Privacy Policy
How this service handles your data (GDPR / DSGVO).
1. Data controller
Thomas Eigner
Rehovotstr. 4
69115 Heidelberg
Germany
Email: flyingfinger[dot]te[at]gmail[dot]com
2. What data is processed
- OAuth access token issued by RESWUE after you sign in. Stored server-side only inside a signed session cookie on your browser. Used to call the RESWUE API on your behalf.
- Your RESWUE agent name, fetched once after login and stored in the same session cookie so we can greet you by name in the navigation bar.
- Operation data (portals, links, agents) is fetched from RESWUE on demand and held only in memory during a single request. Your plan selections (anchor GUIDs, scheme, agent labels) are kept in server memory for the lifetime of your browser session, keyed by a random session id stored in your cookie. Nothing of this is written to disk; a container restart or logout wipes it.
- No third-party analytics, no per-user tracking, no third-party cookies. A single anonymous aggregate counter is kept server-side to estimate overall usage — see section 5 below for details. It is not tied to any user, session or browser.
3. Third parties
- RESWUE (reswue.net) — OAuth provider and data source for your operations. Their privacy policy applies.
- OpenStreetMap — map tiles used on the anchor picker and plan preview. Your browser contacts OSM tile servers when those maps render.
- unpkg.com — CDN that serves the Leaflet map library. Your browser fetches these assets on the map pages.
4. Session cookies
A single cookie named session is set, HTTP-only, SameSite=Lax, Secure in
production. It contains the signed session payload (OAuth token + plan selections).
It is deleted when you sign out, clear browser data, or after 30 days of inactivity.
No cookie consent banner is shown because this cookie is strictly necessary to
provide the service you requested.
5. Retention
This service does not store any user-identifying data in a database. The OAuth token lives only in your own session cookie.

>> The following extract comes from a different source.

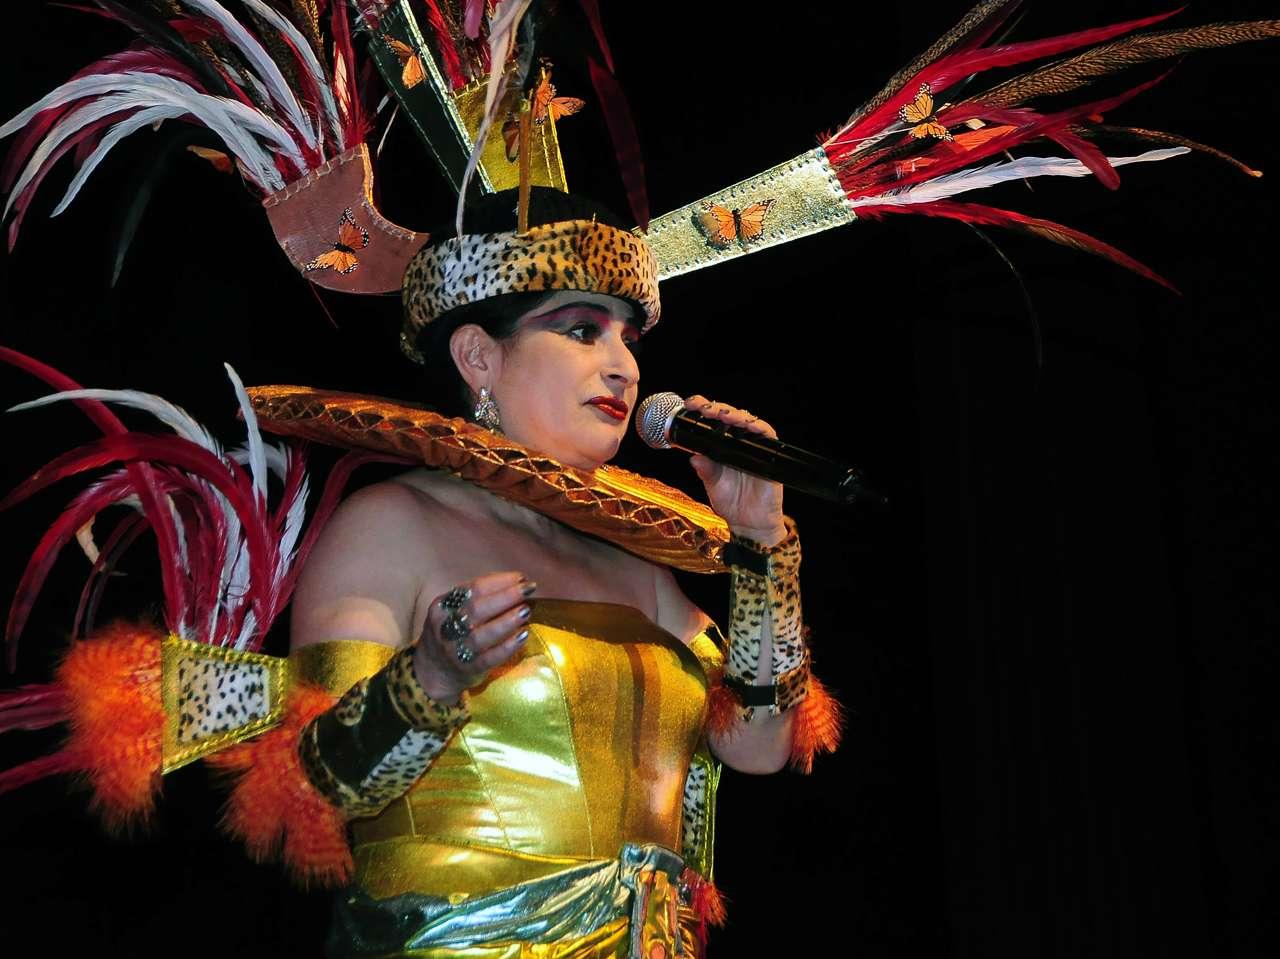 Astrid Hadad representará el cabaret mexicano en París. Foto: Medios y Media

The server does persist one anonymous usage metric on disk: a HyperLogLog sketch (a fixed-size ~4 KB binary blob) that estimates how many distinct operations have had a plan computed, alongside an 8-byte integer counting the total number of plan computations. The sketch is a probabilistic data structure and cannot be reversed to recover an operation name, a user, a session or a browser. It is not associated with any identifier and is kept indefinitely; its sole purpose is to let the operator report overall service usage volume.

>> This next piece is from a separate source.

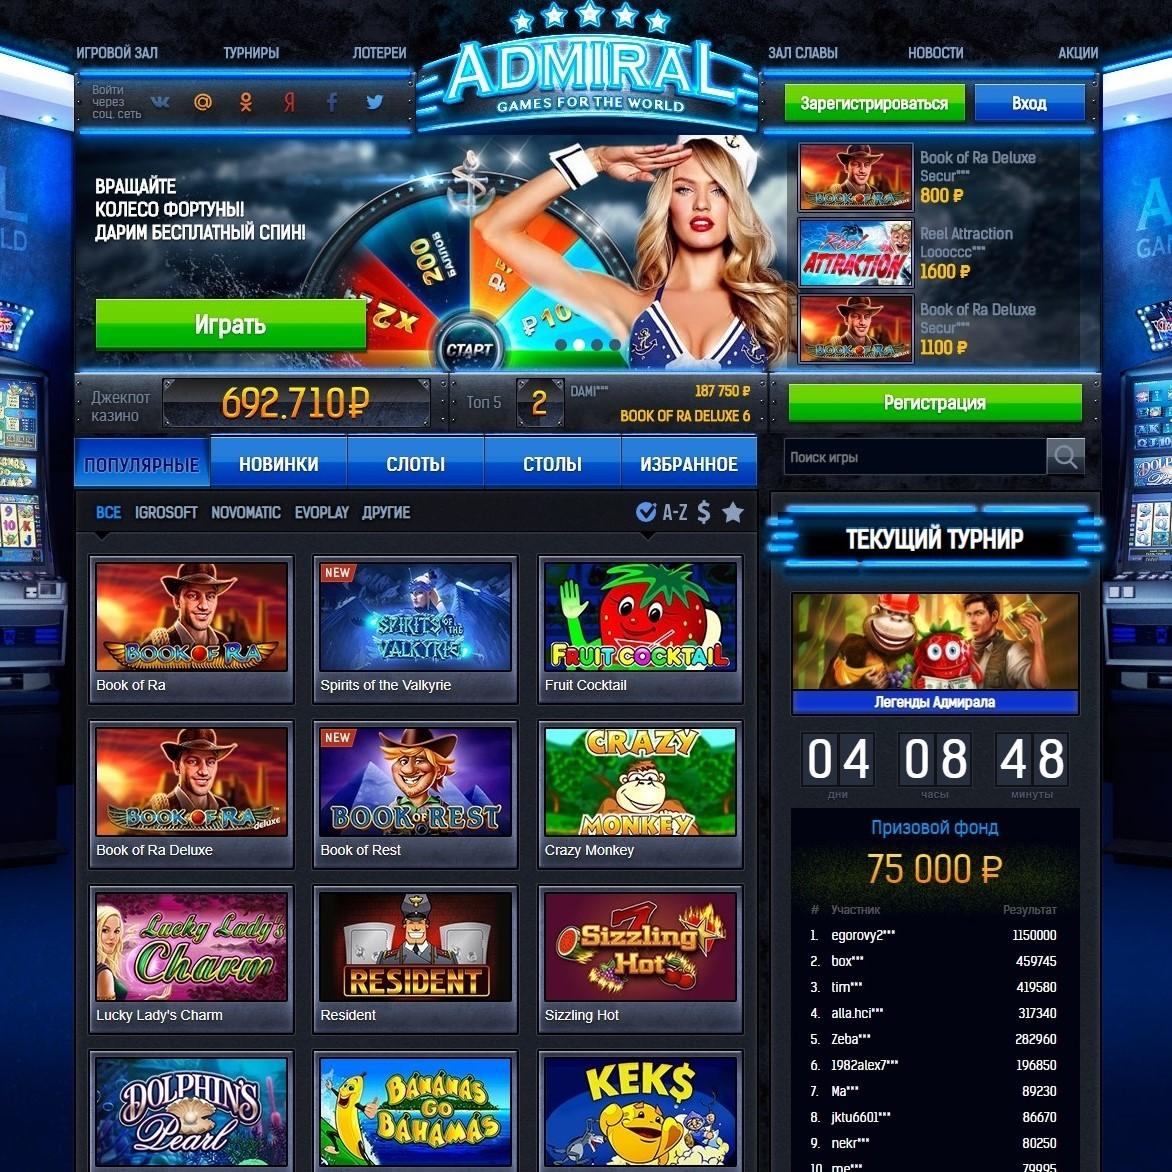 Игровые автоматы онлайн вулкан демо версия

Server logs may retain the timestamp and URL of a request for up to 14 days for operational troubleshooting and are then rotated out.
6. Your rights (Art. 15–22 GDPR)
- Right of access, rectification, erasure, and restriction of processing.
- Right to data portability.
- Right to object to processing, and to withdraw consent at any time.
- Right to lodge a complaint with a supervisory authority.
Because the only personal data we process is held inside your own session cookie, the most effective way to exercise your erasure right is to click Logout (which clears the cookie) or to delete the cookie in your browser.
7. Contact
For any data protection inquiry:
flyingfinger[dot]te[at]gmail[dot]com
(replace [at] with @ and [dot] with .).